Type of train_images <class 'numpy.ndarray'>
Type of train_labels <class 'numpy.ndarray'>

Shape of train data: images (60000, 28, 28), labels (60000,)
Shape of test data: images (10000, 28, 28), labels (10000,)


### 2.2 The network architecture

In [4]:
from keras import models
from keras import layers

# The network architecture
network = models.Sequential()

# Input layer
network.add(layers.Dense(512, activation='relu', input_shape=(28 * 28,)))

# Output layer
network.add(layers.Dense(10, activation='softmax'))

To make the network ready for training, we need to pick three more things, as part of the compilation step:
- **A loss function**: How the network will be able to measure its performance on the training data, and thus how it will be able to steer itself in the right direction.
- **An optimizer**: The mechanism through which the network will update itself based on the data it sees and its loss function.
- **Metrics to monitor during training and testing**: Here, we’ll only care about accuracy (the fraction of the images that were correctly classified).

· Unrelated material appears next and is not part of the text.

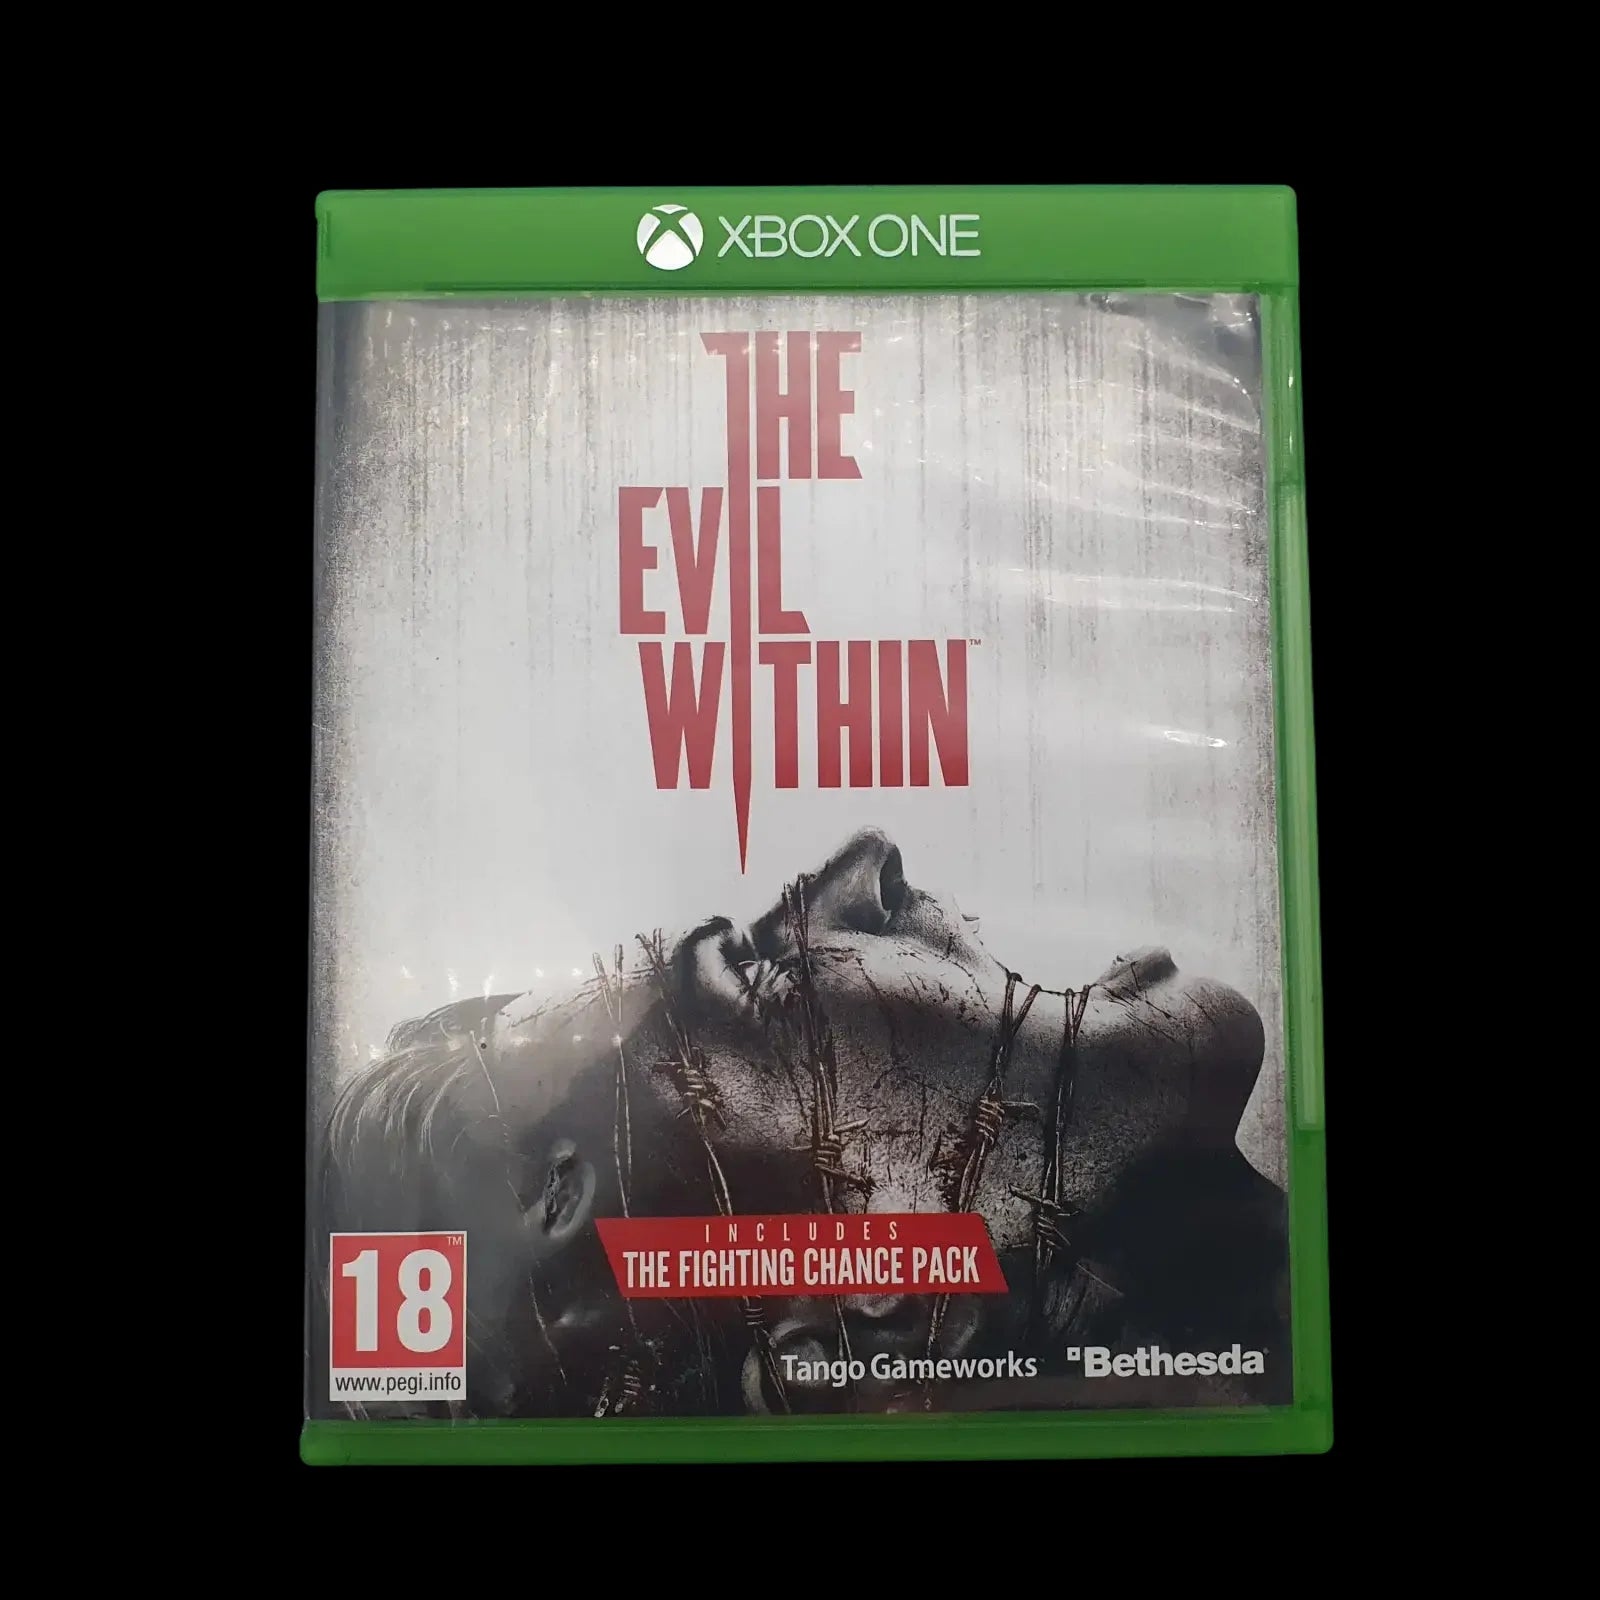 The Evil Within Microsoft Xbox One Bethesda 2014 Video Game

### 2.3 The compilation step

In [5]:
network.compile(optimizer='rmsprop',
                loss='categorical_crossentropy',
                metrics=['accuracy'])

### 2.4 Preparing data

Before training, we’ll preprocess the data by **reshaping** it into the shape the network expects and scaling it so that **all values are in the [0, 1] interval**. Previously, our training images, for instance, were stored in an array of shape **(60000, 28, 28)** of type uint8 with values in the [0, 255] interval. We transform it into a float32 array of shape **(60000, 28 * 28)** with values between 0 and 1.

In [6]:
train_images = train_images.reshape((60000, 28 * 28))
train_images = train_images.astype('float32') / 255

test_images = test_images.reshape((10000, 28 * 28))
test_images = test_images.astype('float32') / 255

### 2.5 Preparing the labels

In [7]:
from keras.utils import to_categorical

train_labels = to_categorical(train_labels)
test_labels = to_categorical(test_labels)

### 2.6 Train the network

In [8]:
network.fit(train_images, train_labels, epochs=5, batch_size=128)

Epoch 1/5
Epoch 2/5
Epoch 3/5
Epoch 4/5
Epoch 5/5


<keras.callbacks.History at 0x107b5e978>

Two quantities are displayed during training: the **loss of the network** over the training data, and the **accuracy of the network** over the training data. We quickly reach an accuracy of 0.9891 (98.9%) on the training data. Now let’s
check that the model performs well on the test set, too:

### 2.7 Evaluate the network

The test-set accuracy turns out to be **97.8%** — that’s quite a bit lower than the training set accuracy. This gap between training accuracy and test accuracy is an example of **overfitting**: the fact that machine-learning models tend to perform worse on new data than on their training data.

In [9]:
test_loss, test_acc = network.evaluate(test_images, test_labels)
print('test_acc:', test_acc)

test_acc: 0.9817


### 2.8 Summarization

This concludes our first example—you just saw how you can build and train a neural network to classify handwritten digits in less than 20 lines of Python code. The follow steps were performed:

- Loading the data
- Create the network architecture
- Compilation
- Preparing the data
- Train the network 
- Evaluate the network

## 3. Data representations for neural networks

In the previous example, we started from data stored in **multidimensional Numpy arrays**, also called **tensors**. 

So what’s a tensor?
- At its core, a **tensor is a container for data** — almost always numerical data. So, it’s a
container for numbers.
- You may be already familiar with **matrices, which are 2D tensors**.
- Tensors are a generalization of matrices to an arbitrary number of dimensions (note that in the context of tensors, a **dimension is often called an axis**).

In [10]:
import numpy as np

# Scalars (0D tensors) - a tensor that contains only one number is called a scalar
scalar = np.array(12)
print("0D tensor (dimension): {}".format(scalar.ndim))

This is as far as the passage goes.